Au travers de cette histoire, nous avons voulu réfléchir à l’histoire de
la profession , ou plutôt à ce que des femmes , et quelques hommes,
avant nous, jusqu’à nous et maintenant avec nous, ont fait de la
mission qui leur était confiée, et vous allez voir , mission qui n’avait
rien de glorieux, rien de spectaculaire, rien de reconnu vraiment.
Nous allons essayer de vous montrer comment des « piqueuses, panseuses ou
femmes des étages », marginales dans l’équipe de rééducation , sont peu à peu
devenues des Infirmières, des aides soignantes, organisées en équipe de soins ,
jusqu’à la création encore toute fraîche, et pas encore dans toutes les têtes, d’ un
Service de Soins Infirmiers.
En 1965 ouvre le Centre de Réadaptation Fonctionnelle de
Charleville Mézières, plus communément appelé Centre de Warcq, du
nom de la rue dans laquelle il est construit.

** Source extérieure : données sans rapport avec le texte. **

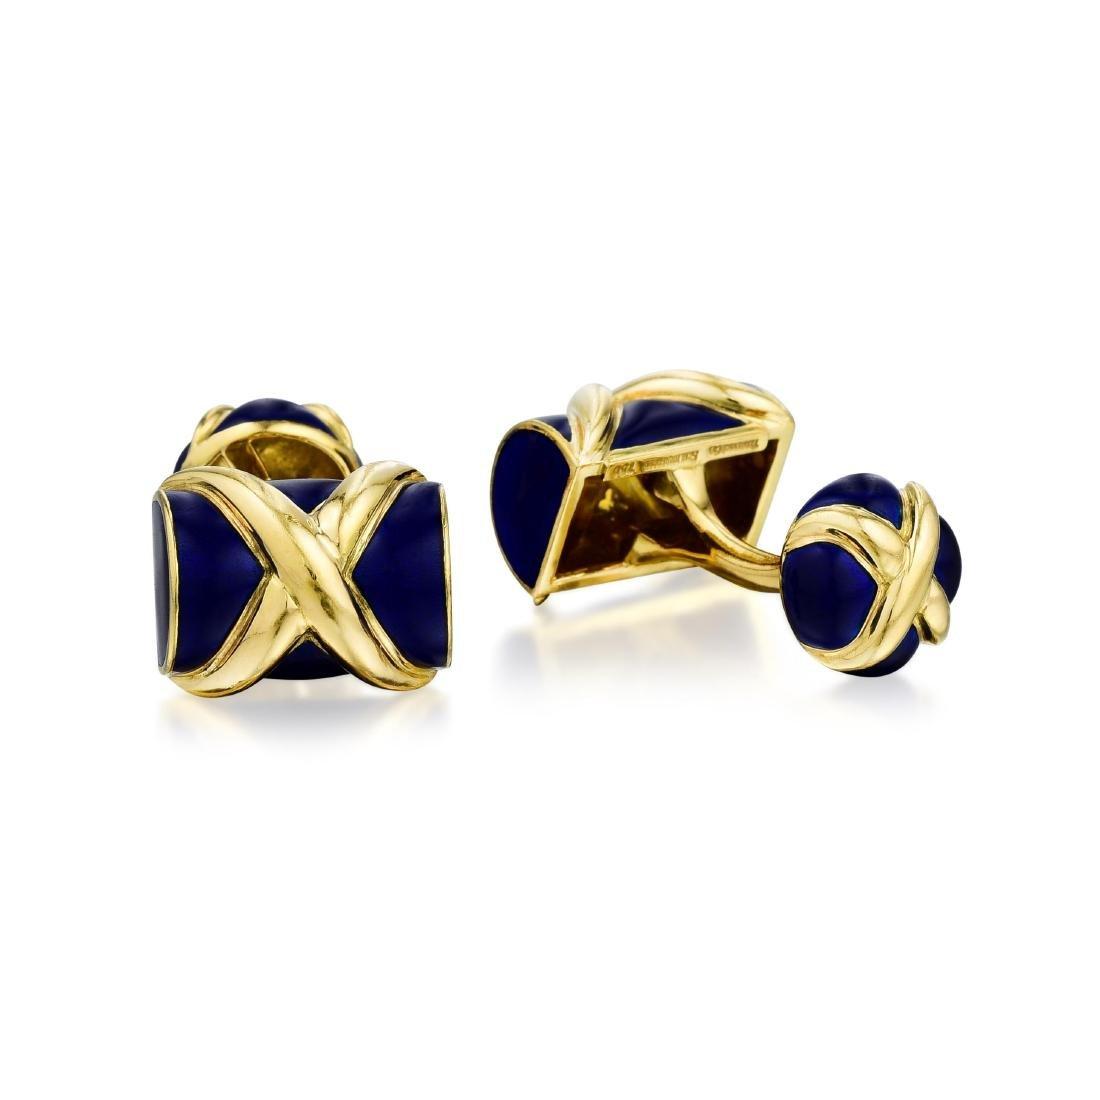 Schlumberger Tiffany & Co. Enamel Gold Cufflinks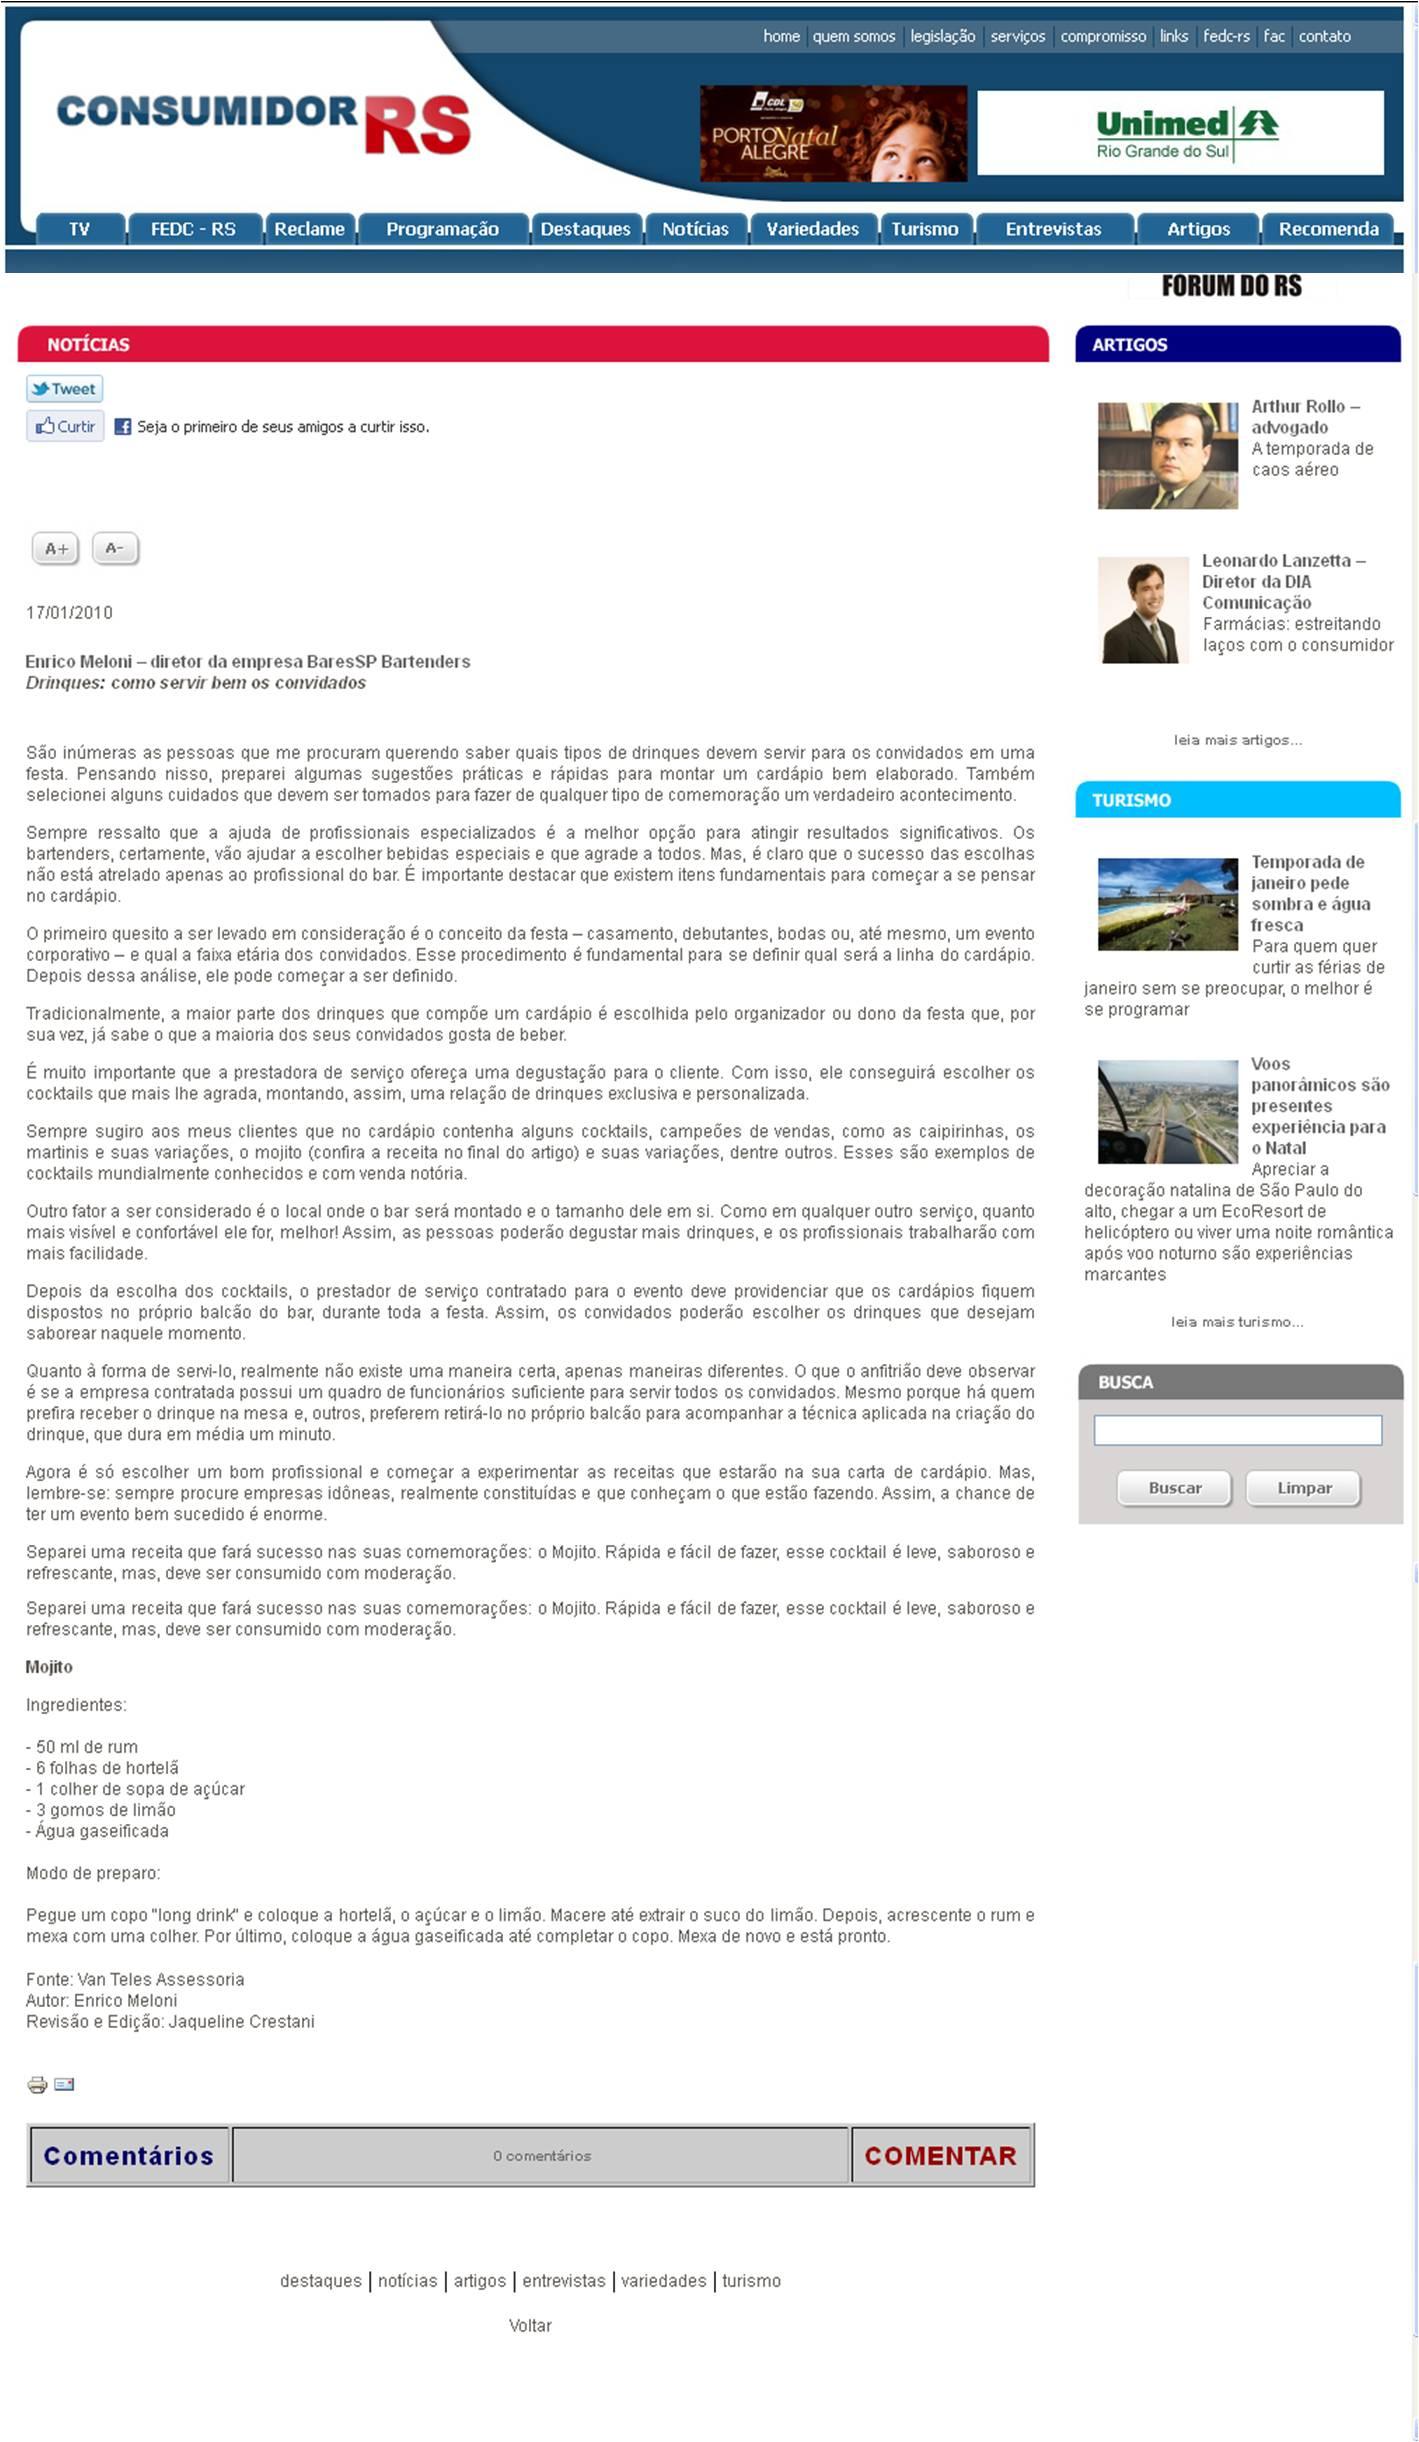 Matéria no Portal Consumidor RS

Le docteur Wagner, médecin-chef de l’époque précise dans le journal
local que l’établissement assurera la rééducation et la réadaptation des
accidentés du travail .
La population accueillie se situe entre 15 et 65 ans. Le centre peut
accueillir 110 personnes en hospitalisation complète ;des hospitalisés
de jour et des externes.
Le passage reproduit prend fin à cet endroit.